Additionally, EBITDA is recognized by most of our stakeholders, including analysts, creditors and investors, as a usual and relevant measure of cash generation from our operations. Our stakeholders also take into account the net debt/adjusted EBITDA ratio in order to identify how well we can generate cash to cover our debts.
In response to the staff’s comment, we believe presenting the non-GAAP measures mentioned in the staff’s question is useful for the purpose of computing the net debt/adjusted EBITDA ratio, which is an important metric defined in our Strategic Plan and relevant to our management, investors, analysts and creditors. In our future annual reports, we will include a statement consistent with the above explanation, disclosing the reasons why our management believes that the presentation of certain non-GAAP financial measures provides useful information to investors regarding our financial condition and results of operations, pursuant to Item 10(e)(1)(C) of Regulation S-K.
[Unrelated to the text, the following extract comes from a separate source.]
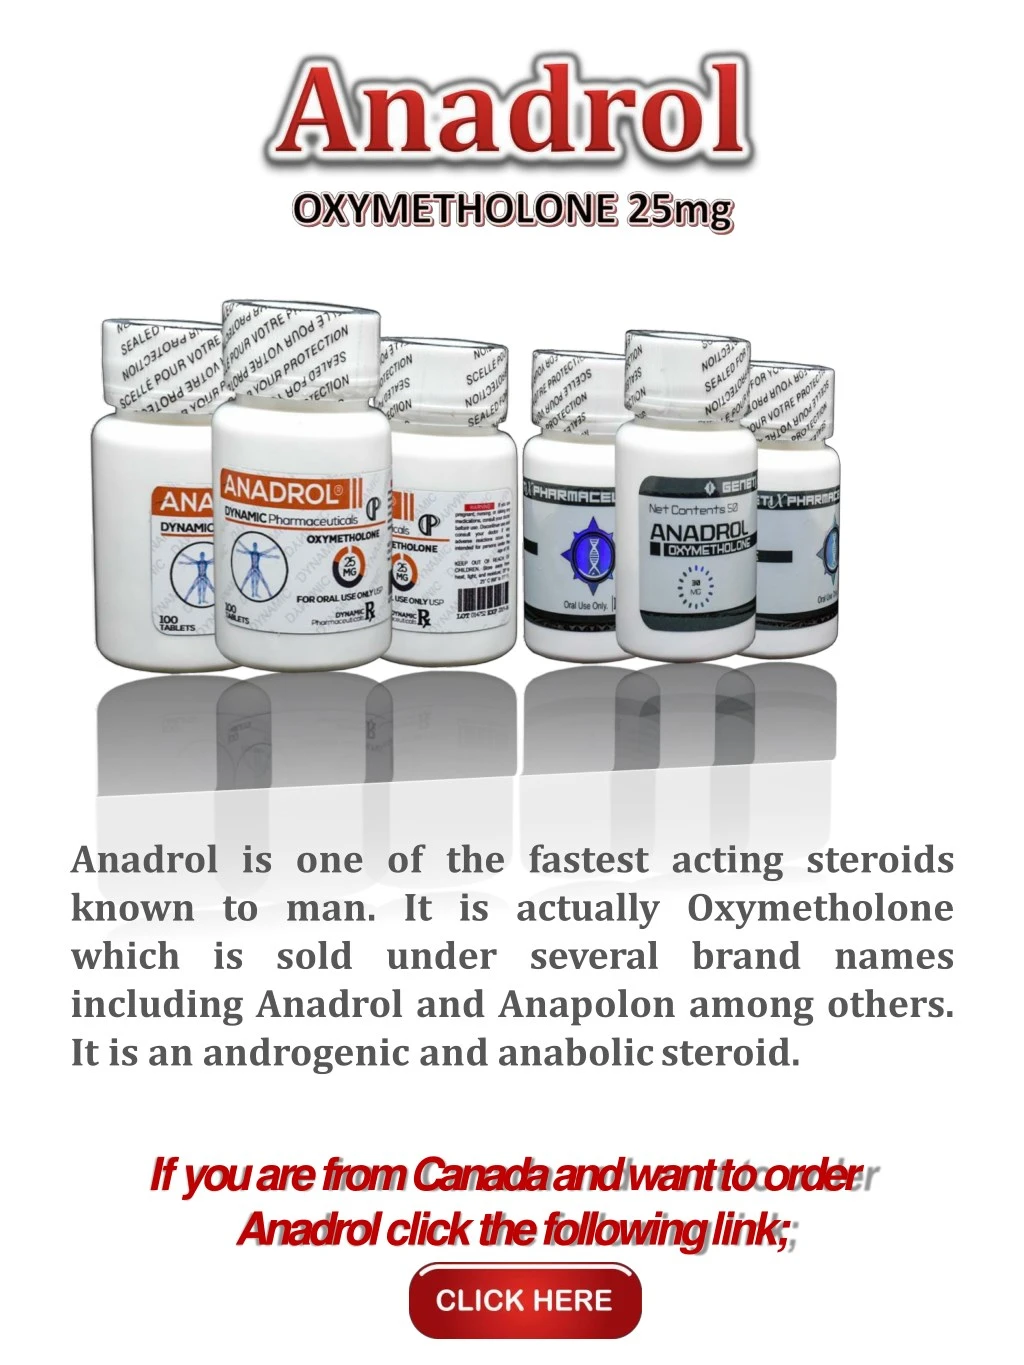 anadrol is one of the fastest acting steroids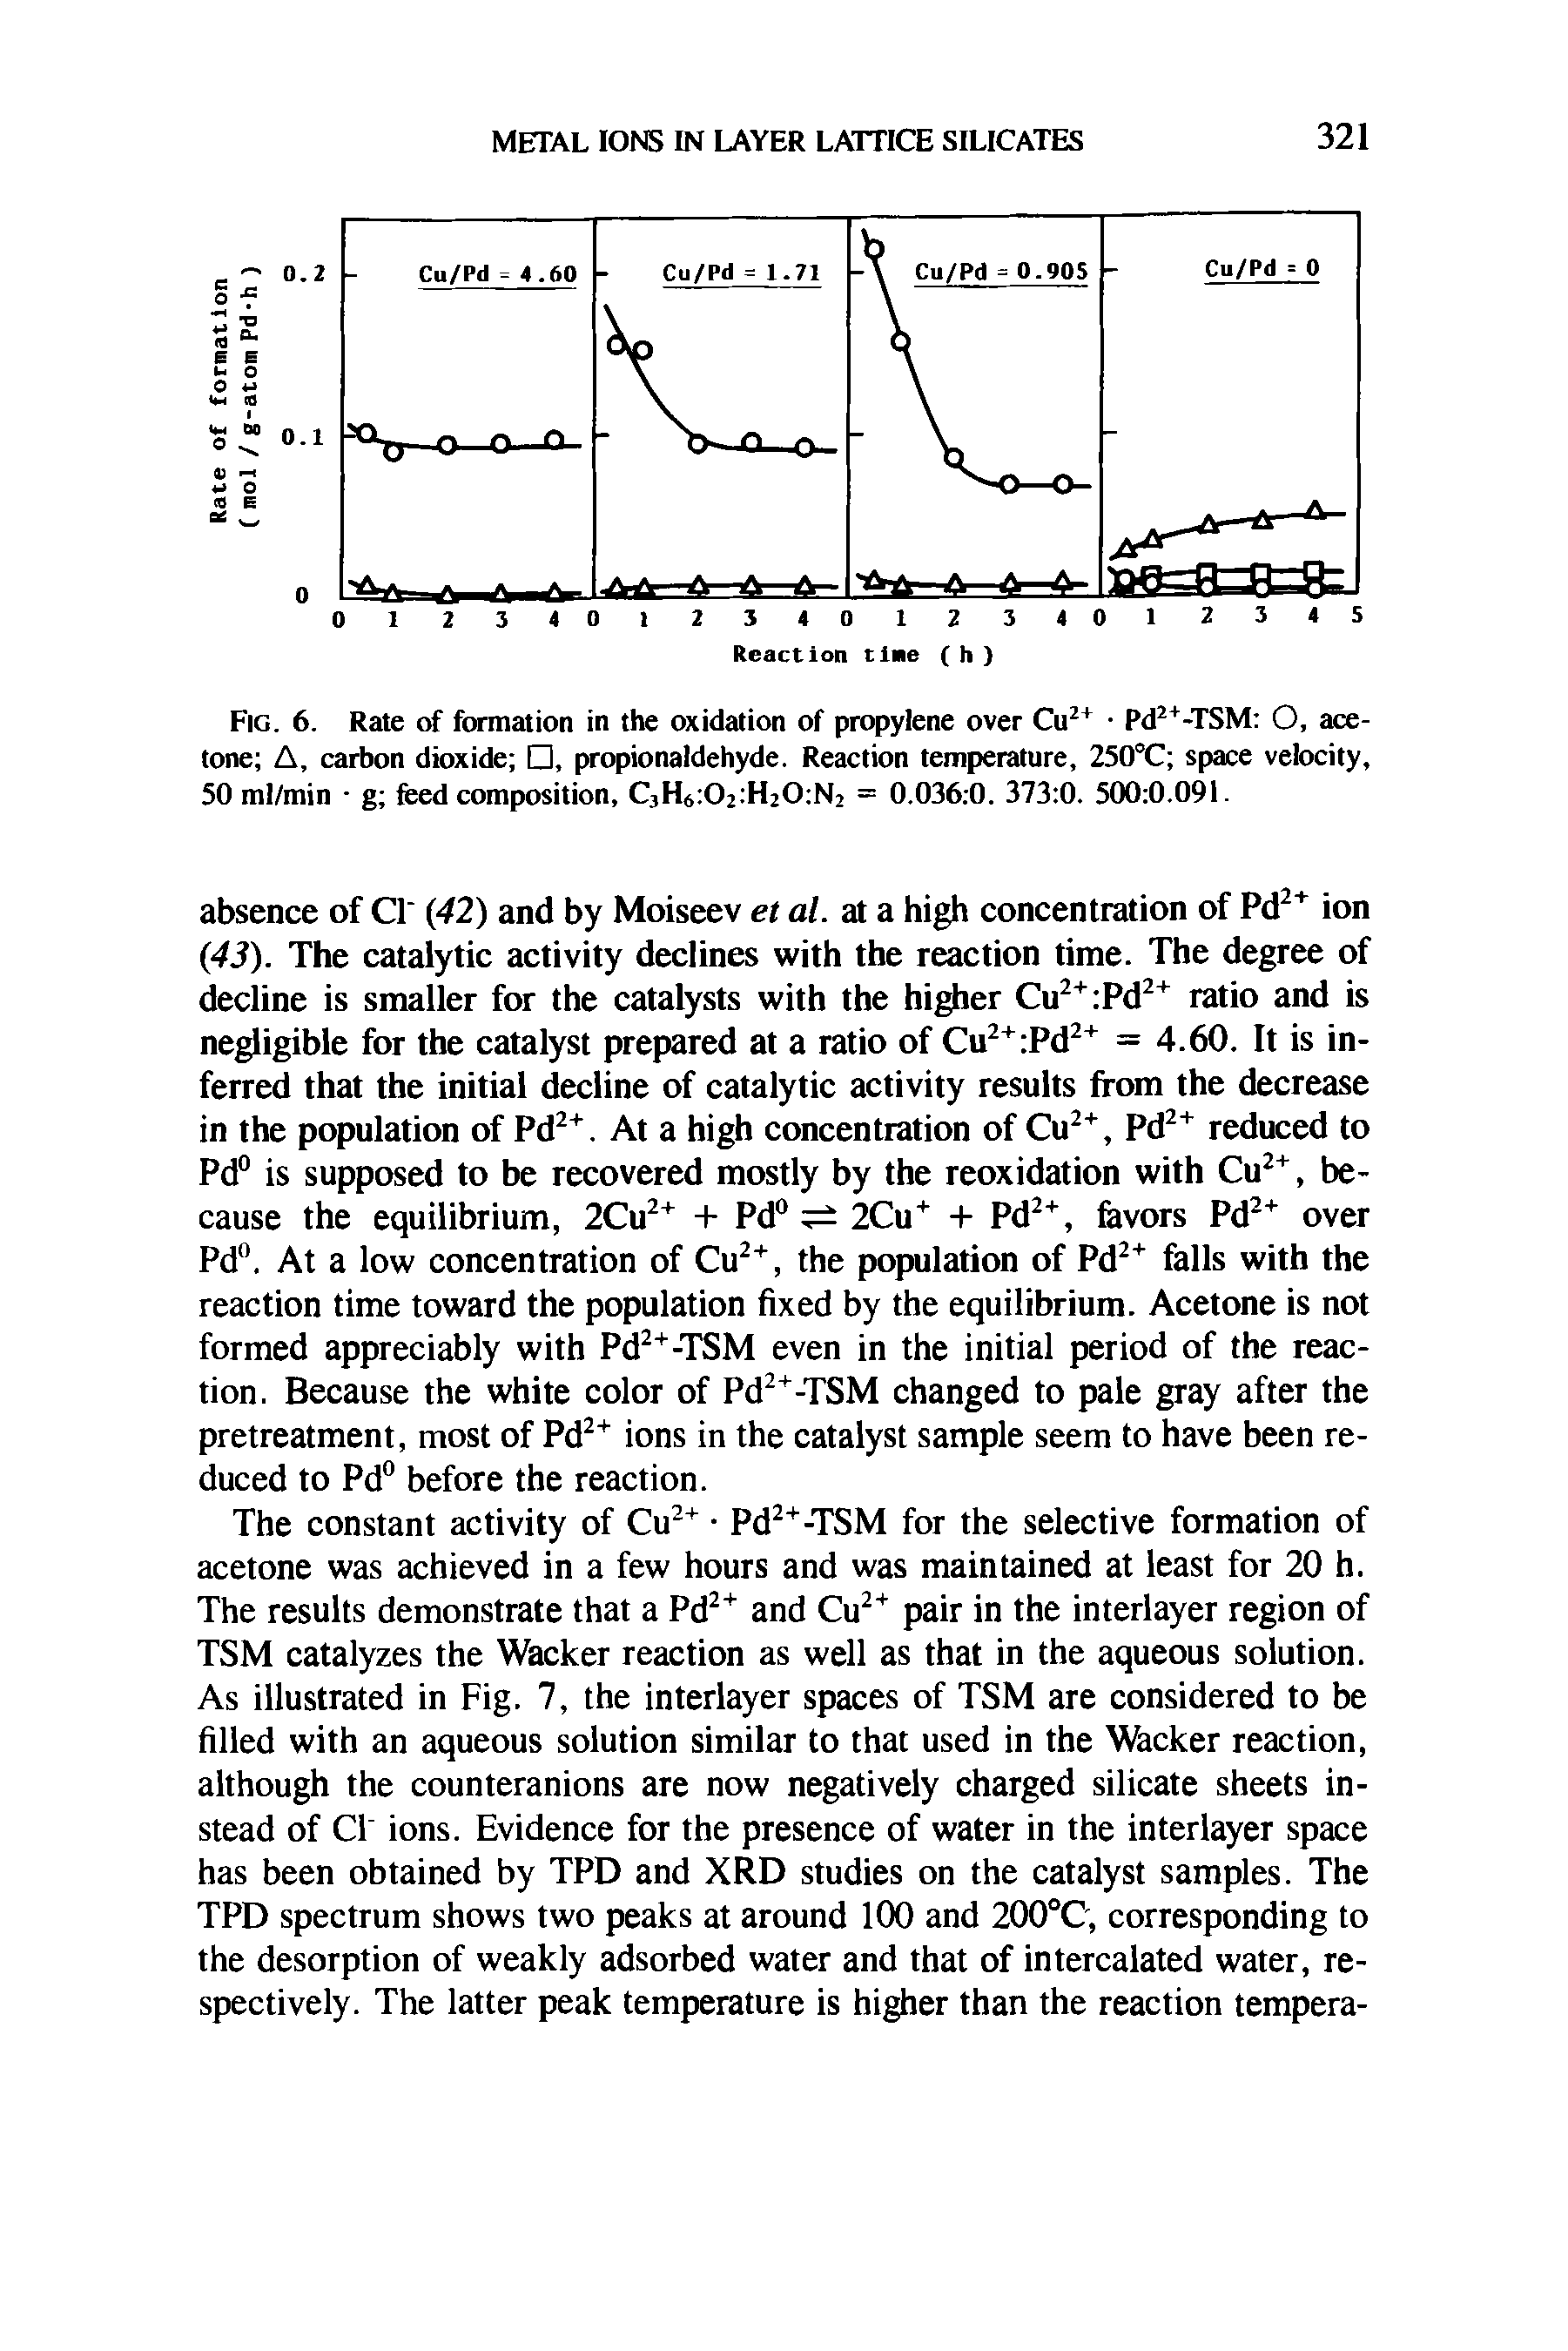 Fig. 6. Rate of formation in the oxidation of propylene over Cu + Pd -TSM O, acetone A, carbon dioxide , propionaldehyde. Reaction temperature, 250°C space velocity, 50 ml/min g feed composition, C3H6 02 H20 N2 = 0.036 0. 373 0. 500 0.091.

Comment 3: Net Debt/Adjusted EBITDA Metric, page 143
You disclose on pages 143 and 144 that adjusted EBITDA is computed using EBITDA (net income before net finance income (expense), income taxes, depreciation, depletion and amortization) adjusted for equity-accounted investments, impairments, cumulative foreign exchange adjustments reclassified to the income statement, results from disposal and write-offs of assets, and foreign exchange gains and losses resulting from provisions for legal proceedings. This description appears to be inconsistent with your presentation of adjusted EBITDA in the table on page 144. Please revise your disclosure to resolve this apparent inconsistency. Additionally, if you have changed your method of calculating or presenting adjusted EBITDA then describe the reasons for the change.
Response:
We continue to consider adjusted EBITDA a liquidity measure and have not recently changed our method of calculating or presenting adjusted EBITDA. Given that we consider adjusted EBITDA a liquidity measure, we reconcile this measure to net cash from operating activities (as shown on page 144 of our 2019 Form 20-F), as presented in our consolidated statement of cash flows, which is the most directly comparable GAAP measure.
Our internal method of calculating adjusted EBITDA starts with EBITDA: we adjust net income before net finance income (expense), income taxes, depreciation, depletion and amortization) for equity-accounted investments, impairments, cumulative foreign exchange adjustments reclassified to the income statement, results from disposal and write-offs of assets, and foreign exchange gains and losses resulting from provisions for legal proceedings. The components used for calculating adjusted EBITDA for 2019 and 2018 are detailed in the below table:
US$ million | 2019 | 2018 |
Net income (loss) | 7,803 | 6,571 |
Net finance income (expense) | 8,764 | 6,484 |
Income taxes | 4,200 | 4,256 |
Depreciation, depletion and amortization | 14,836 | 11,912 |
EBITDA | 35,603 | 29,223 |
Results in equity-accounted investments | (153) | (523) |
Impairment | 2,848 | 2,005 |
Reclassification of cumulative translation adjustment - CTA | 34 | - |
Results on disposal/write-offs of assets and on remeasurement of investment retained with loss of control | (6,046) | (416) |
Foreign exchange gains or losses on provisions for legal proceedings | 120 | 456 |
Adjusted EBITDA from continuing operations | 32,406 | 30,745 |
Adjusted EBITDA from discontinued operations | 301 | 757 |
Adjusted EBITDA | 32,707 | 31,502 |
We provide a description of our calculation of adjusted EBITDA on pages 143 and 144 of our 2019 Form 20-F, which relevant disclosure was extracted from our consolidated financial statements for the year ended December 31, 2019.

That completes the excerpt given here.